But, if not, one of them must be the greater. Let BGC be the greater, and at the point G, in the straight line BG, make the angle BGK equal to the angle EHF. (I. 23.)

Demonstration.-1. Because the angle BGK is equal to the angle EHF, and that in equal circles equal angles stand on equal arcs, when they are at the centres; (III. 26.)

2. Therefore the arc BK is equal to the arc EF.
3. But the arc EF is equal to the arc BC; (hyp.)

4. Therefore the arc BK is equal to the arc BC (ax. 1); the Jess to the greater, which is impossible.

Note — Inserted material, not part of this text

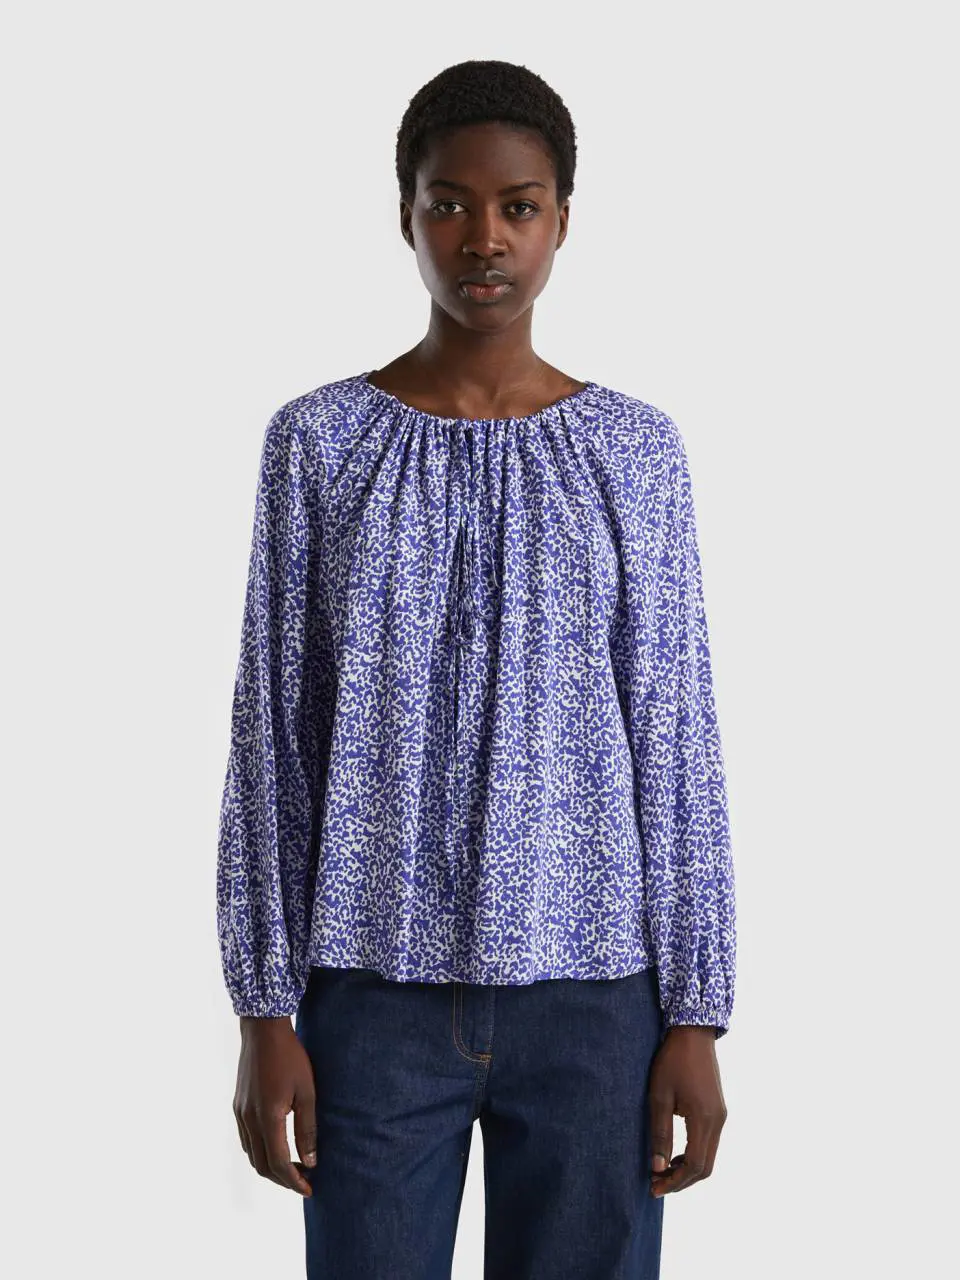 Benetton patterned blouse with laces. 1
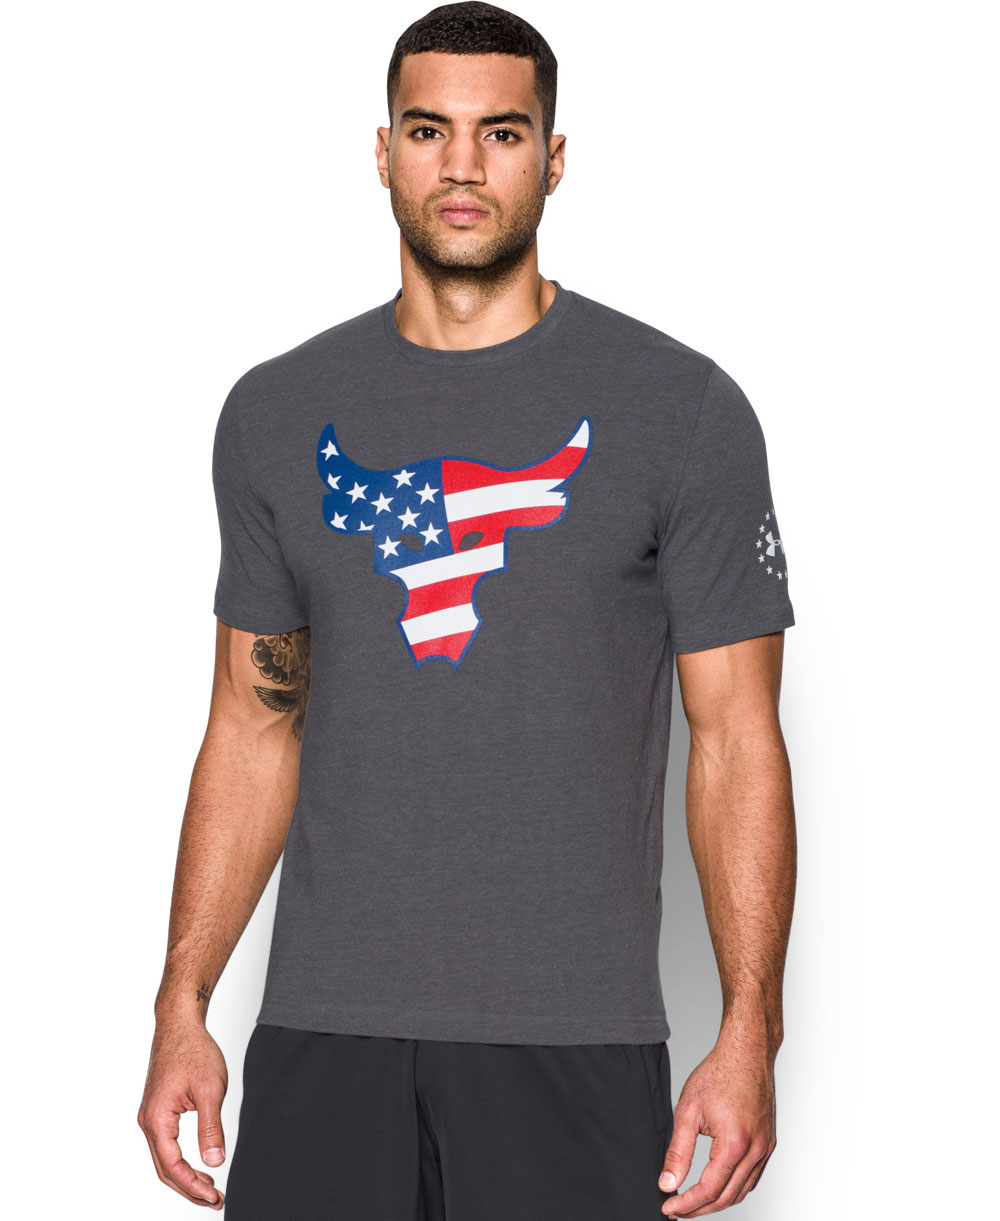 https://www.anygivensunday.shop/1390-large_default/under-armour-mens-short-sleeve-t-shirt-freedom-rock-the-troops-carbon-heather.jpg

5. Therefore the angle BGC is not unequal to the angle EHF, that is, it is equal to it.

6. And the angle at A is half of the angle BGC, and the angle at D is half of the angle EHF; (III. 20.)

7. Therefore the angle at A is equal to the angle at D. (ax. 7.) Conclusion.-Therefore, in equal circles, &c. Q. E. D.

PROPOSITION 28.-THEOREM.

In equal circles, equal chords cut off equal arcs, the greater equal

to the greater, and the less equal to the less.

(References-Prop. I. 8; III. 1, 26, def. 1.) Hypothesis.-Let ABC, DEF, be equal circles, and BC, EF, equal chords in them, which cut off the two greater arcs BAC, EDF, and the two less arcs BGC, EHF.

Sequence.—The greater arc BAC shall be equal to the greater arc EDF, and the less arc BGC equal to the less arc EHF.

Construction.--Take K, L, the centres of the circles (III. 1), and join BK, KC, EL, LF.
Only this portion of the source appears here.